Necessary equipment:

  • two half gallon glass jars
  • a storage lid
  • a soft kitchen cloth
  • a strainer


  • 1 package of hydrated water grains (about quarter of a regular cup)
  • pure but full of minerals water
  • 1/2 cup of plain organic sugar
  • 1 cup of diced fruit OR fruit juice OR coconut water
  • optional: 1 clean pastured egg shell
  • optional: 5 drops of mineral drops



  1. Fill the glass jar with filtered water to about 3/4 of its capacity. If you are using mineral drops, add them at this point. Leave a couple of inches of free space at the top.
  2. Transfer a little bit of that water in the jar to a saucepan and bring it to a boil.
  3. Add in the sugar and stir until it dissolves. Be careful not to burn the sugar. It’s safer to turn off the heat once the water has reached boiling water.
  4. Put the sugar water back in the glass jar.
  5. Carefully add water kefir grains to the water. If you are using egg shell to enrich your water with minerals, add it at this point.
  6. Cover the jar with a soft cloth. It will keep the fermenting jar free of dirt while still allowing it to breathe.
  7. Leave the jar to rest at room temperature for one day. If it’s cold, two days is better.
  8. Taste to see if it’s sweet enough. If it is, move on to the next step.


  1. Strain the contents of the jar into another clean jar.

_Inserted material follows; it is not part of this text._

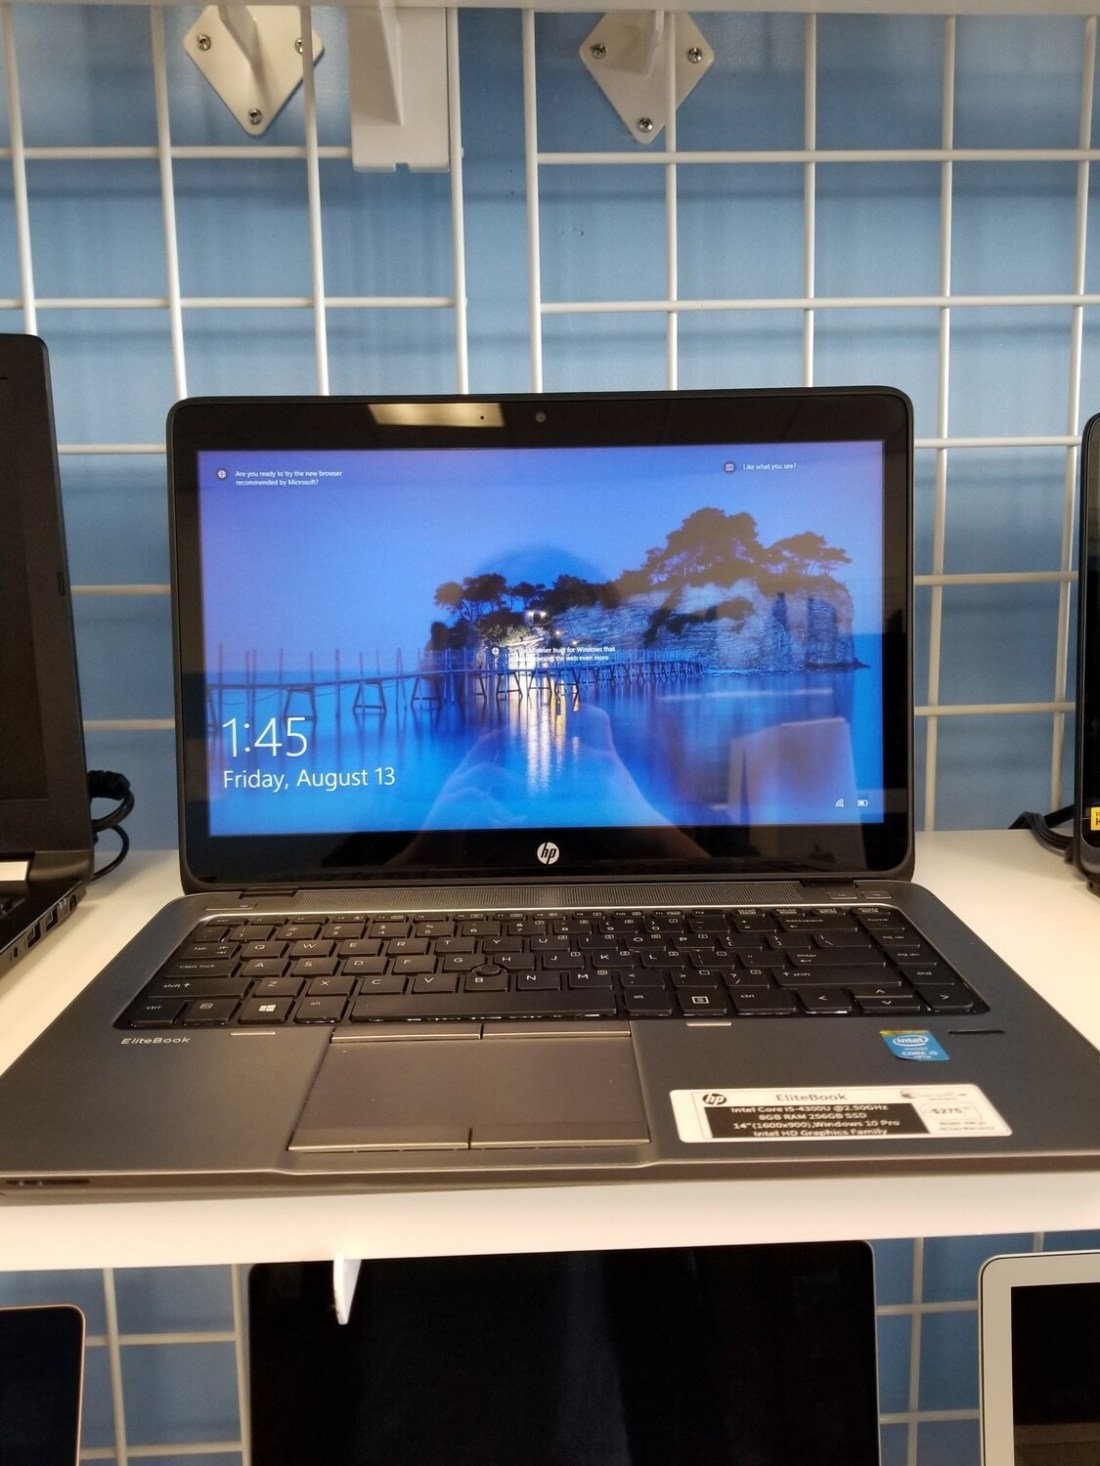 EliteBook Intel Core i5-4300U @2.50GHz 8GB Ram 256GB SSD 14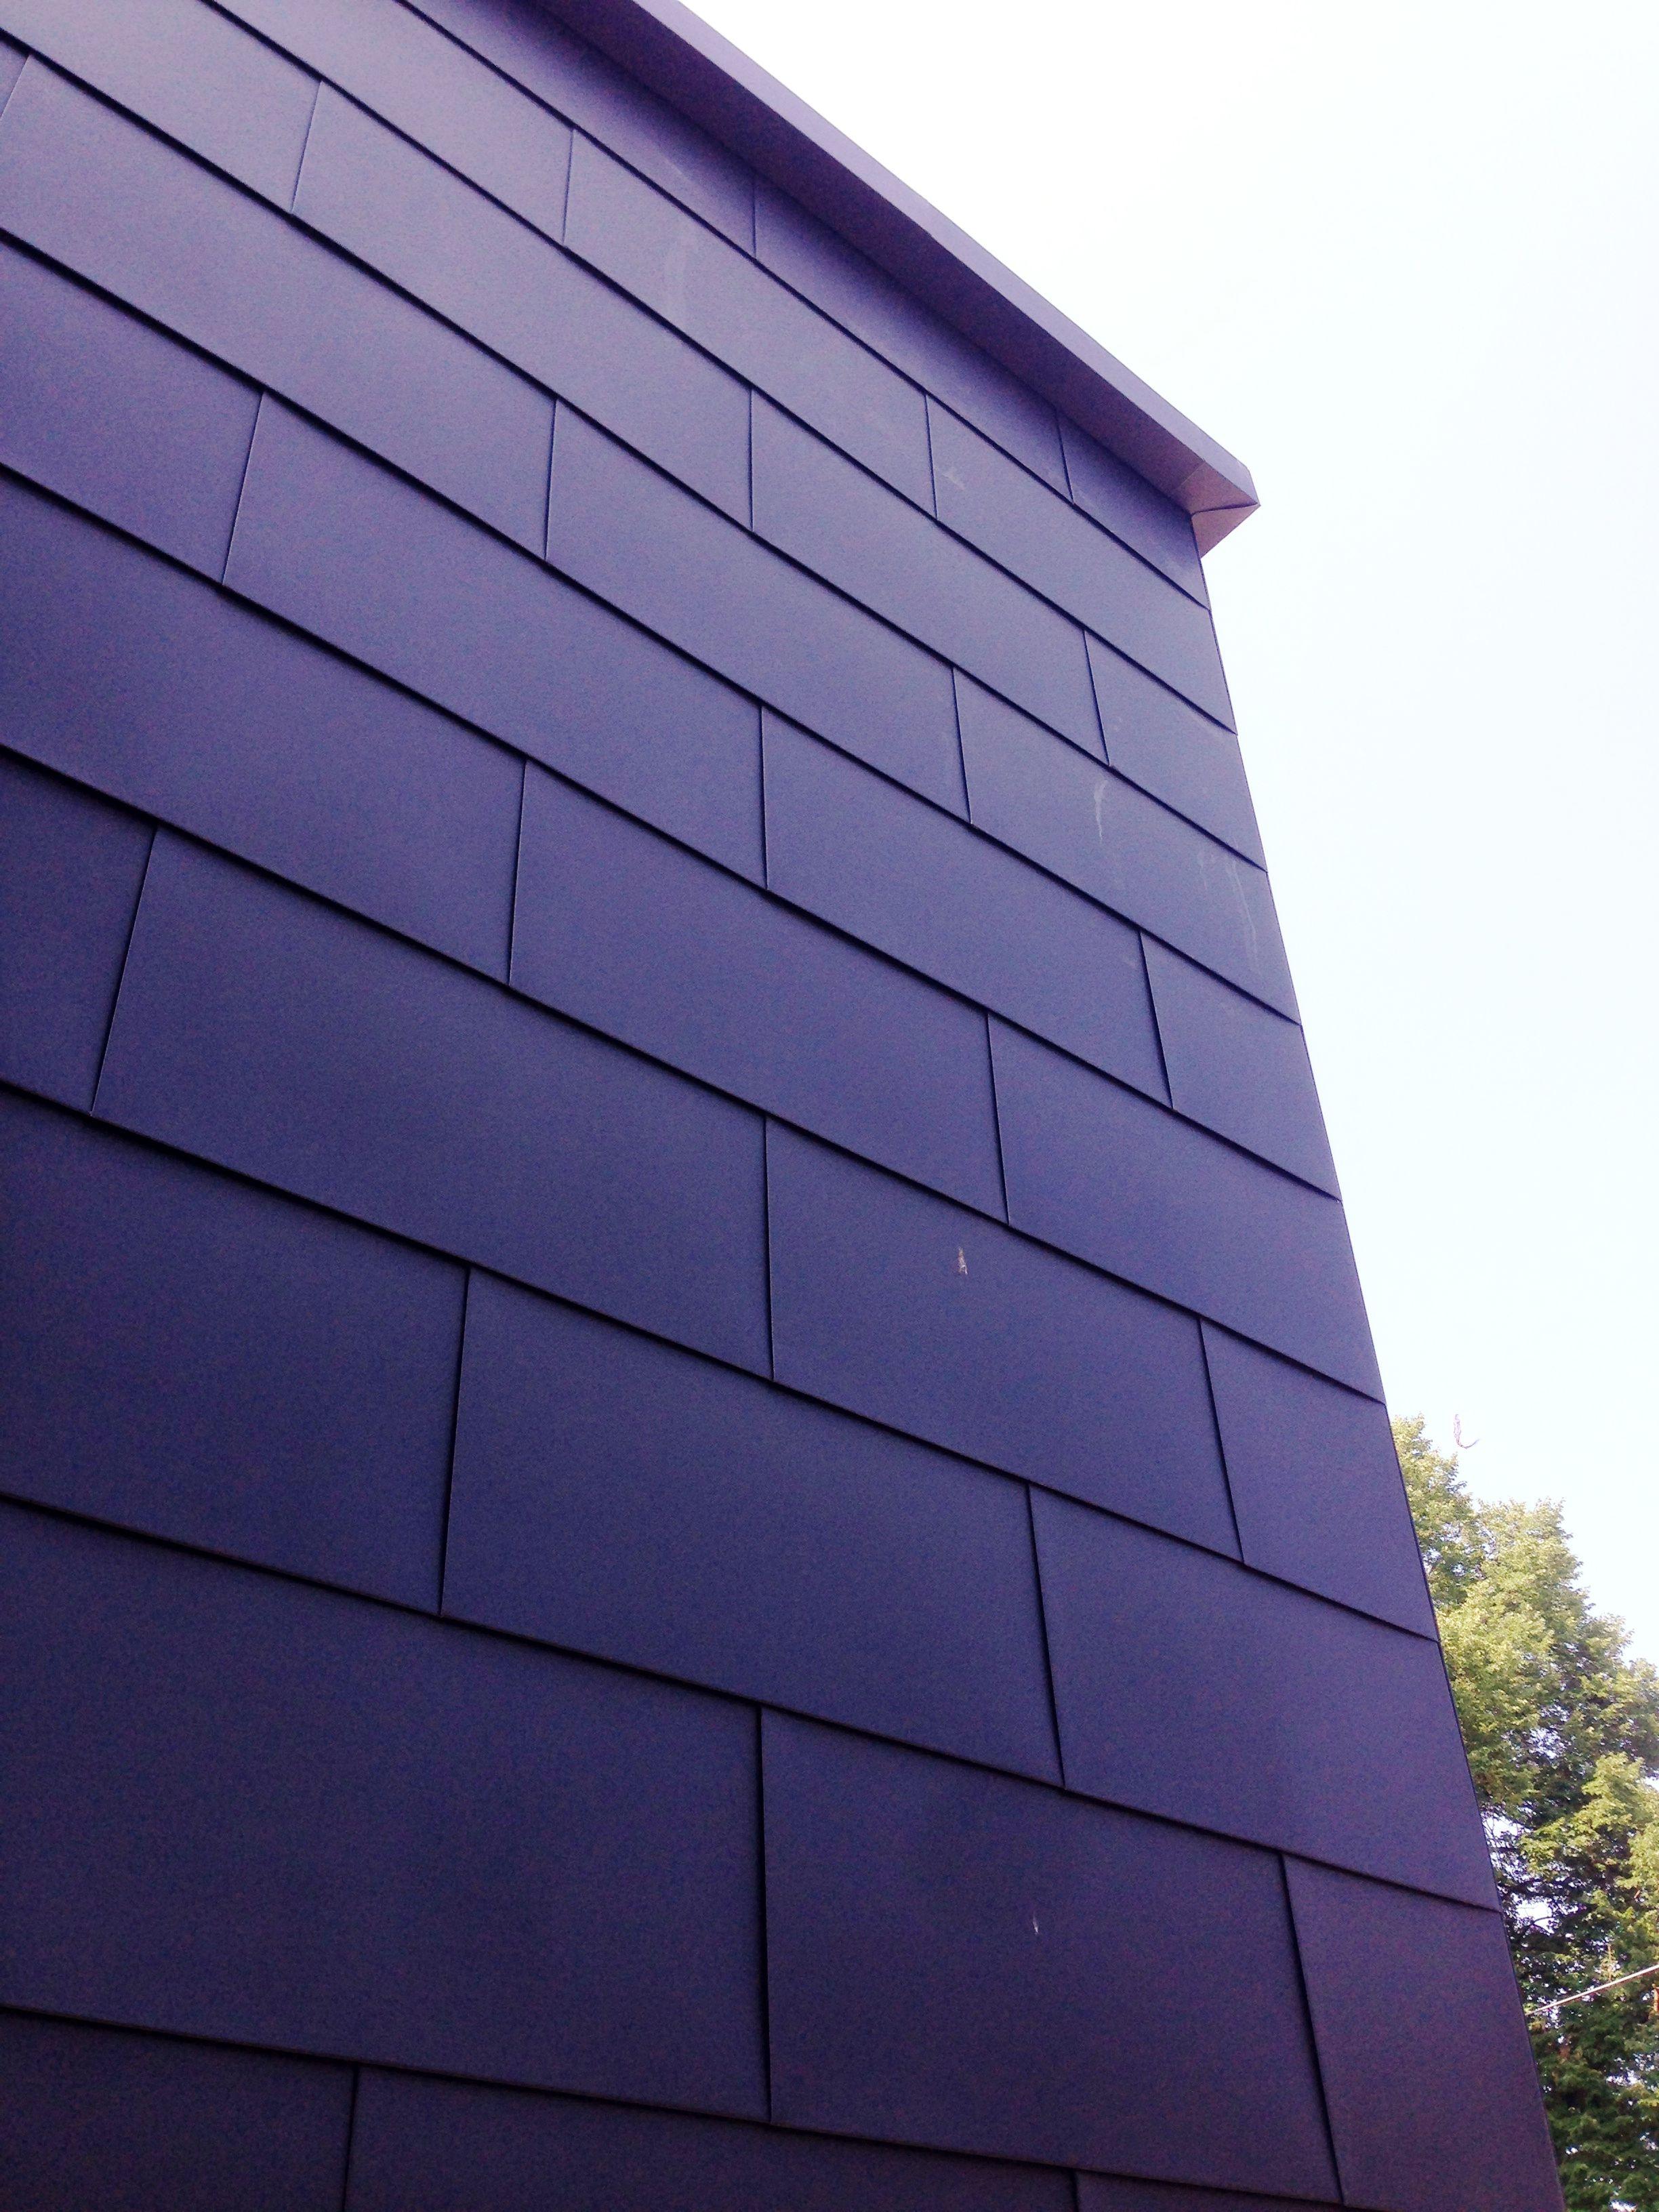 Flat Lock Zinc Wall Panels Exterior Wall Panels Exterior Cladding Standing Seam

If your water kefir grains came in a muslin bag, you won’t need to strain them out. Discard the egg shell and put the water kefir grains aside for now. It’s best to reuse them immediately so I usually put them in a jar with a new batch at this point.
  2. Now add the flavoring to your water kefir. In my case, I add 1 cup of diced strawberries to the water kefir.
  3. Cover the jar with a soft cloth again.
  4. Leave the jar to rest at room temperature for one day.


  1. Uncover the jar and screw a lid on top of it tightly.
  2. Leave the jar to rest at room temperature for a few hours. This will create the fizziness.
  3. To stop the lacto-fermentation process, transfer to the fridge.
  4. Serve chilled. I like to add a slice of lemon to my glass of water kefir to up the refreshing factor even more.

Enjoy all the benefits of this wonderful fizzy probiotic!